Воцарилась мертвая тишина, казалось, наступившему невыносимо долгому молчанию не будет конца. Все от мала до велика с пронзительной остротой ощутили, что этого завтра у одних может просто не быть, а другим о родных горах и очагах будет напоминать лишь горсточка закаменевшей серой земли. И потом, на дальних турецких берегах, шумом лесов, звоном ручьев они будут приходить к ним в мучительных снах и бередить души.

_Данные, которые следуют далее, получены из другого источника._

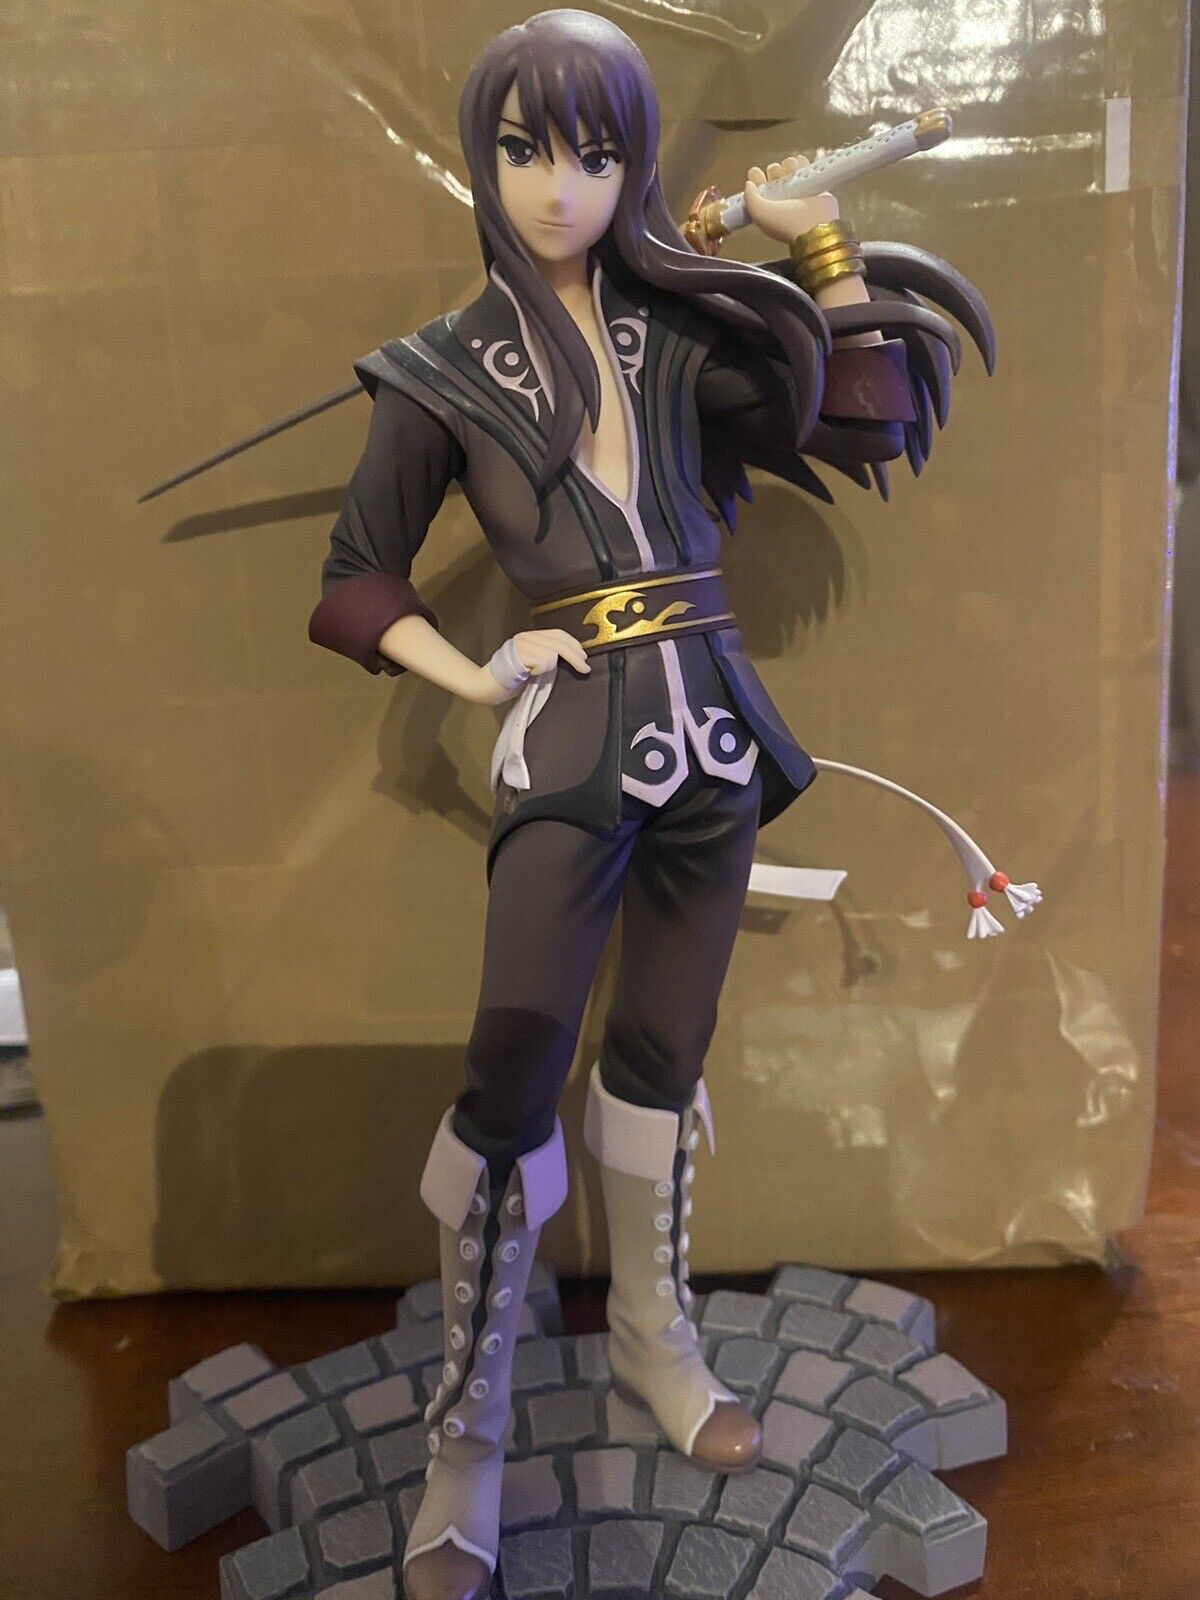 Alter Tales of Vesperia Yuri Lowell 1/8 Scale PVC Figure By Altair Japan

В ту ночь так никто и не заснул. Склон горы покрылся сотнями трепетных огней, и они, будто живые, в прощальном объятии тянулись друг к другу. Безутешное горе и печаль вошли в каждый дом и сердце каждого горца. В загонах жалобно блеял скот — это в жертву приносились бычки и козы. Из дальних углов подвалов выкатывались потемневшие от времени дубовые бочки со старым, темно-красным, напоминающим загустевшую кровь вином. Ему уже не суждено было радовать сердца за свадебным столом и у колыбели первенца. Суровые воины, стиснув зубы, под плач детей и стенания жен поминали погибших и просили Всевышнего о милости и прощении.
В родовом доме Авидзба, на испаханном шрапнелью дворе, собрались все, кто уцелел. Женщины молча готовились к дальней, страшащей своей неизвестностью дороге, заливали в бурдюки родниковую воду и вино, в переметные сумки складывали вяленое мясо, сыр и хлеб. Гедлач Авидзба, пряча глаза, на которые наворачивались слезы, готовил оружие к своему последнему бою.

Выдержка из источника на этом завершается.